BEGIN Provided data
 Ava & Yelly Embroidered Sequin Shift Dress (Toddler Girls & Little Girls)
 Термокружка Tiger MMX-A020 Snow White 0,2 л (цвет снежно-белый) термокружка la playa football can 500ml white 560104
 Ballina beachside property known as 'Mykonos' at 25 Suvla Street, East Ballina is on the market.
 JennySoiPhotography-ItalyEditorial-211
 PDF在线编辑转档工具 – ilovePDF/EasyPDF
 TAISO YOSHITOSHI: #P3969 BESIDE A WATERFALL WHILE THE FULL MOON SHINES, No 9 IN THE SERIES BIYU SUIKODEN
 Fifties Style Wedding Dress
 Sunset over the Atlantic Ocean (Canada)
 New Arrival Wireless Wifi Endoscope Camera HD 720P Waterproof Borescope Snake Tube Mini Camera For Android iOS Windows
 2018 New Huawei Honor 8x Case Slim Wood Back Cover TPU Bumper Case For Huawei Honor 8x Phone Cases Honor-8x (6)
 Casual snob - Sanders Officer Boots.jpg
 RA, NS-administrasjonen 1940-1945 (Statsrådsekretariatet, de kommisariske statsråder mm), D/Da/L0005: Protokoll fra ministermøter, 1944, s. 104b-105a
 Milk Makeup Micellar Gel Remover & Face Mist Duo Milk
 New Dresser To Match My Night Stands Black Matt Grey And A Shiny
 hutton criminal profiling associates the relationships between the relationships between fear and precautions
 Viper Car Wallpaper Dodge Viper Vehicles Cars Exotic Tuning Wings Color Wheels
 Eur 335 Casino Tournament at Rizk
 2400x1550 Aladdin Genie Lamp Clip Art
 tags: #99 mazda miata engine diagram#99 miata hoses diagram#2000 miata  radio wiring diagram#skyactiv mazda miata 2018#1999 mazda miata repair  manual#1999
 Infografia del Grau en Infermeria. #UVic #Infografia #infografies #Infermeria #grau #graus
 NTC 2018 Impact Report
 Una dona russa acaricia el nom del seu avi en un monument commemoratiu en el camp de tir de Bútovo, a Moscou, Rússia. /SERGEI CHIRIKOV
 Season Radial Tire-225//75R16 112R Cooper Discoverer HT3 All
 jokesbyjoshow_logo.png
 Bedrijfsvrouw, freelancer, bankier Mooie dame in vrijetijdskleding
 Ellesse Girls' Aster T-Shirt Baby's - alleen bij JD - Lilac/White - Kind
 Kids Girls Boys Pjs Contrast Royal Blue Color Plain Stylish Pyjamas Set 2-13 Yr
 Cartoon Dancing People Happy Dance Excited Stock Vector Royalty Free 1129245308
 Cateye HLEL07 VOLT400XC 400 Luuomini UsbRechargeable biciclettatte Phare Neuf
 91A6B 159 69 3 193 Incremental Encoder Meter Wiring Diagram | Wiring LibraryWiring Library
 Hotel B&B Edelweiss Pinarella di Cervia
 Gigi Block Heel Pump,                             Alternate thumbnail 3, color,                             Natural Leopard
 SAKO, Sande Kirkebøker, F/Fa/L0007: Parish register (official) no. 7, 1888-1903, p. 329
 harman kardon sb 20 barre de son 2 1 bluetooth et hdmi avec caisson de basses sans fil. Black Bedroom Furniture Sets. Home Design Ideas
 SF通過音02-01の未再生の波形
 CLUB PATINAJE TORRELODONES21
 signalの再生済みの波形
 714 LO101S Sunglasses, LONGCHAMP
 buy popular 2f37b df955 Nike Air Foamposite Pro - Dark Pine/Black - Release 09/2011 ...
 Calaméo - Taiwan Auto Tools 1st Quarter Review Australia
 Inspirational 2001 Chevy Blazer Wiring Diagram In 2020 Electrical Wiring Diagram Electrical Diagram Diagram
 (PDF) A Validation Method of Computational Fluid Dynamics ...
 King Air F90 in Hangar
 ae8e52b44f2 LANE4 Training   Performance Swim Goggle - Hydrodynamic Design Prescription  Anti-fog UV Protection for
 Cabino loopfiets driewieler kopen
END Provided data
Considering only the material above, set down every line from the one with "Milk Makeup Micellar" to the one with "hutton criminal profiling", inclusive, exactly as written.

▸ Result:
 Milk Makeup Micellar Gel Remover & Face Mist Duo Milk
 New Dresser To Match My Night Stands Black Matt Grey And A Shiny
 hutton criminal profiling associates the relationships between the relationships between fear and precautions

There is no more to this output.